Кукольная королева — страница 54 из 107

Впрочем, главного она им всё равно не сообщила. Никакая доброта и никакое золото не заставили бы суеверных крестьян смириться с тем, что их невестка оборотень. Одна Пресветлая знает, каких усилий и какой осторожности им с Ташей стоило скрываться все эти годы.

Теперь будет немножко проще.

Мариэль безошибочно вытягивает из бархатного чехла нужную цепочку.

Украшения продавали потихоньку, в основном для того, чтобы улучшить производство. На выручку с сидра Фаргори давно могли купить себе дом в городе, построить фабрику по соседству и уехать из этой дыры, но скупость и страх перед неизвестностью удерживали их в деревне. Впрочем, их сидр ценился так высоко именно потому, что был штучной домашней продукцией. Зато теперь скопленных денег хватало, чтобы покупать Таше книги, наряды и породистого коня; пусть её дочь выросла среди простолюдинов, но Таша принцесса и должна думать, говорить и выглядеть соответственно. Хотя бы дома.

Впрочем, даже уличная одежда дочерей Мариэль куда лучше того, в чём бегают остальные прадмунтские дети.

Мариэль смотрит на кулон с корвольфом, пурпуром темнеющий на белой ладони.

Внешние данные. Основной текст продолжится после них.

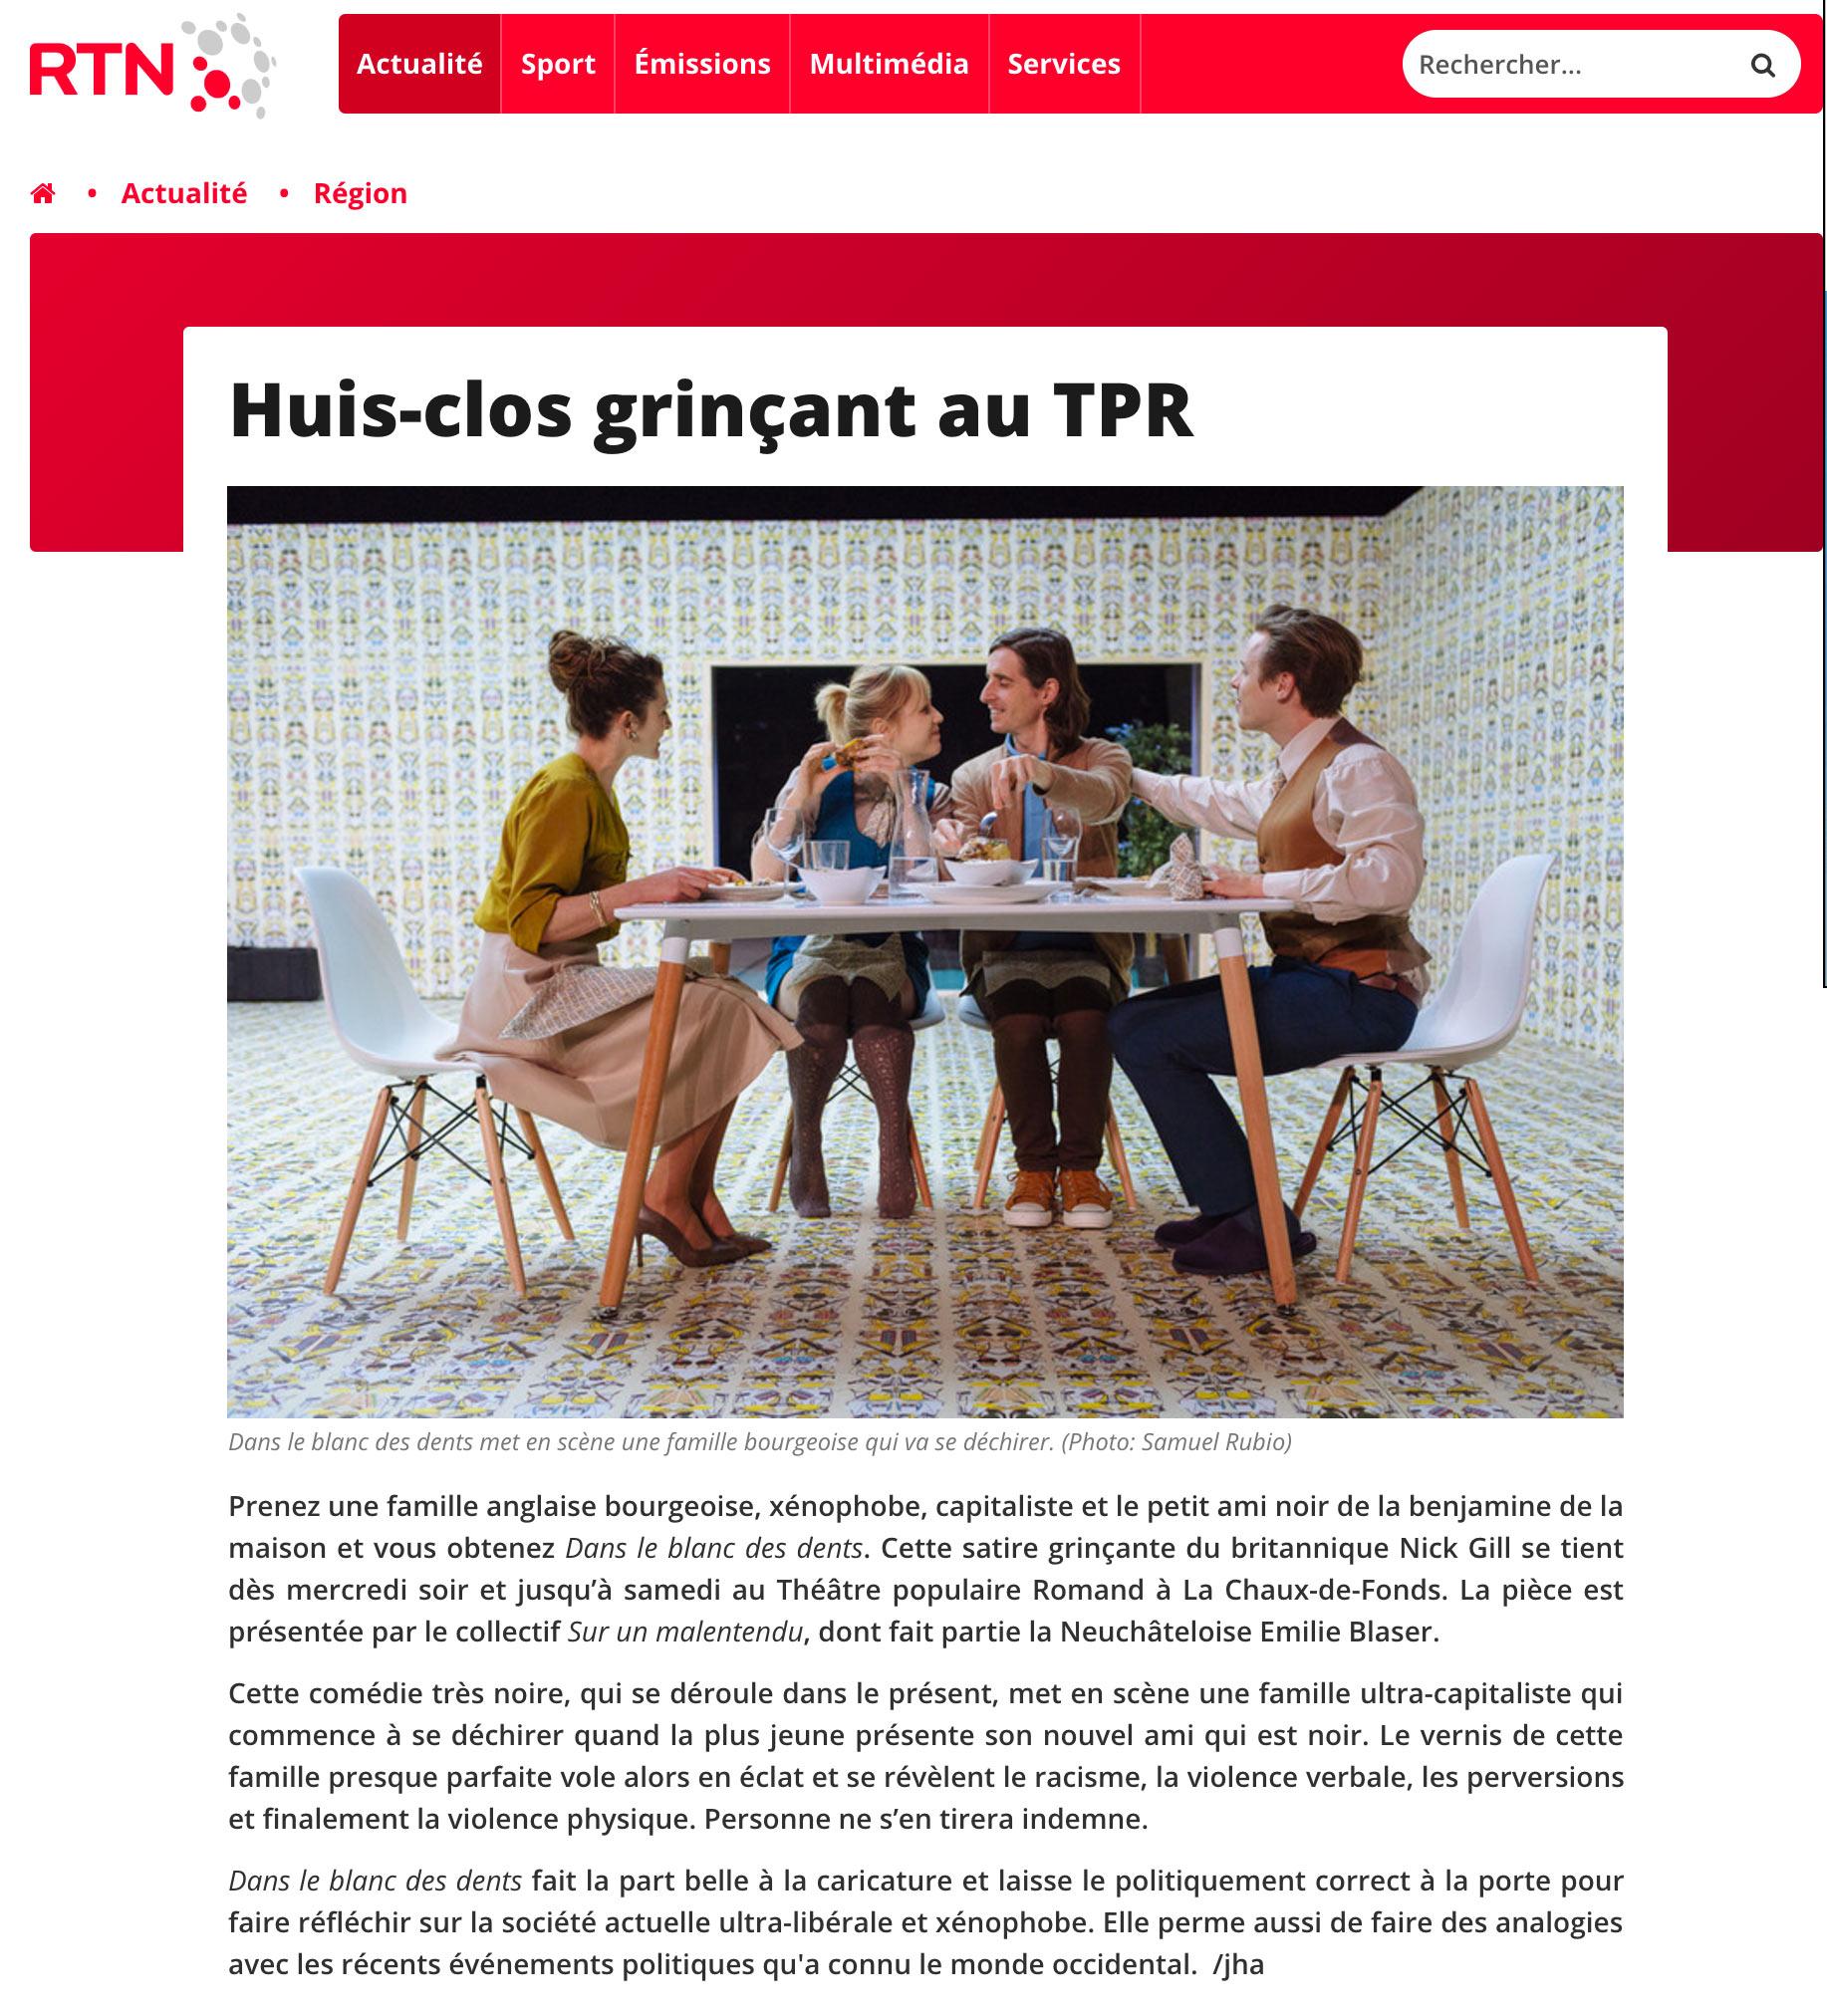 rtn-article-dansleblancdesdents

Она без сожалений продаст все драгоценности, кроме трёх. Кулона – маминого подарка – и перстней. Печать Бьорков, печать Морли: всё, что осталось у Мариэль от прошлого. Всё, что напоминало о том, что детство во дворце не было прекрасным сном.

Наклонив ладонь, Мариэль позволяет подвеске соскользнуть обратно в тайник. Ненадолго. Осенью у Таши день рождения, и десять лет – самое время, чтобы достать кулон снова и передать новой владелице.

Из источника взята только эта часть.